Sarawittaya School (Thai : โรงเรียนสารวิทยา), formerly Sarawittaya Army Sponsor School, is a secondary school in Bangkok, founded in 1944 as a Royal Thai Chemical Department internal school by Col. Praya Witthaya Sarunayut for children of the government officials, and as public school by Col. Chukkrayutwichai Hongsakul. The school offers education from levels M 1- M 6 (Grades 7-12).

== History==
In 1941, due to the closure of schools in Thonburi and Phra Nakhon provinces during World War II, children of government officials and those employed by the Royal Thai Chemical Department were left without a place to receive education. It was decided by government officials that the Royal Thai Chemical Department should open a school to educate the children, and a request to do so was made to the Ministry of Education.
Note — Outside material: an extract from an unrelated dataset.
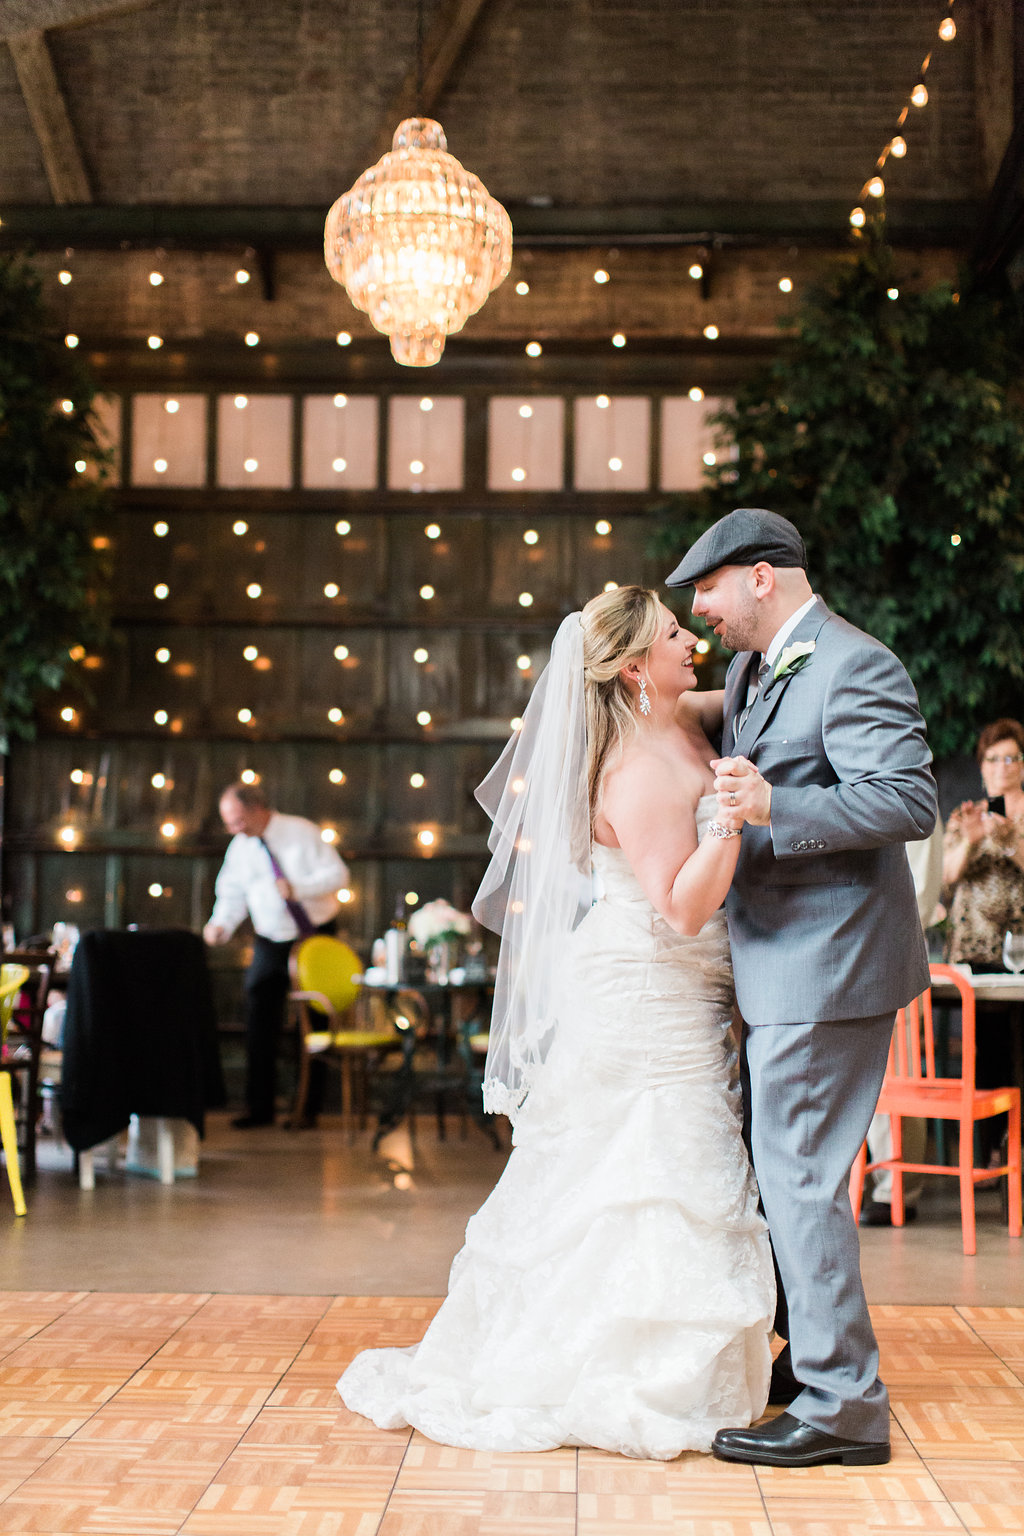 kristin-and-darren-wedding-soho-south-cafe-wormsloe-apt-b-photography-savannah-wedding-planner-savannah-weddings-southern-weddings-best-savannah-wedding-planner-32.JPG

The Royal Thai Chemical Department's Head, Col. Praya Witthaya Sarunayut, established the school on May 20, 1944, named Sarawittaya Army Sponsor School. Lt. Col. Khun Banyatthip Komut was assigned as the school's manager and owner, and Mrs. Samruay Unahalekaka was appointed as a teacher under the department's support, and classes began on June 2, 1944.

Sarawittaya Army Sponsor School was named after Col. Praya Witthaya Sarunayut in commemoration. On 1 May 1976, the Sarawittaya Army Sponsor School was transferred to the Department of General Education and changed its name to Sarawittaya School.

== School Overview ==
- School Address : 2398/96 Phahonyothin Road, Chatuchak, Bangkok 10900
- School Area : 12.2 acre
- School Abbreviation : S.R.V. (ส.ย)
- Type of School: Government Secondary School
- School Motto : "สุวิชโช ว ชเนสุโต" ผู้มีวิชาดี เป็นคนเด่นในหมู่ชน" A person with good knowledge is an outstanding person among the people.
- School Colors : Green-White
- School Song : March Sarawittaya

== School Emblem ==
The Great Crown of Victory that has an 18-point radius and features the S.R.V. (ส.ย.) seal in Thai beneath the Great Crown of Victory, under the seal has a green ribbon with the name of the school written on it.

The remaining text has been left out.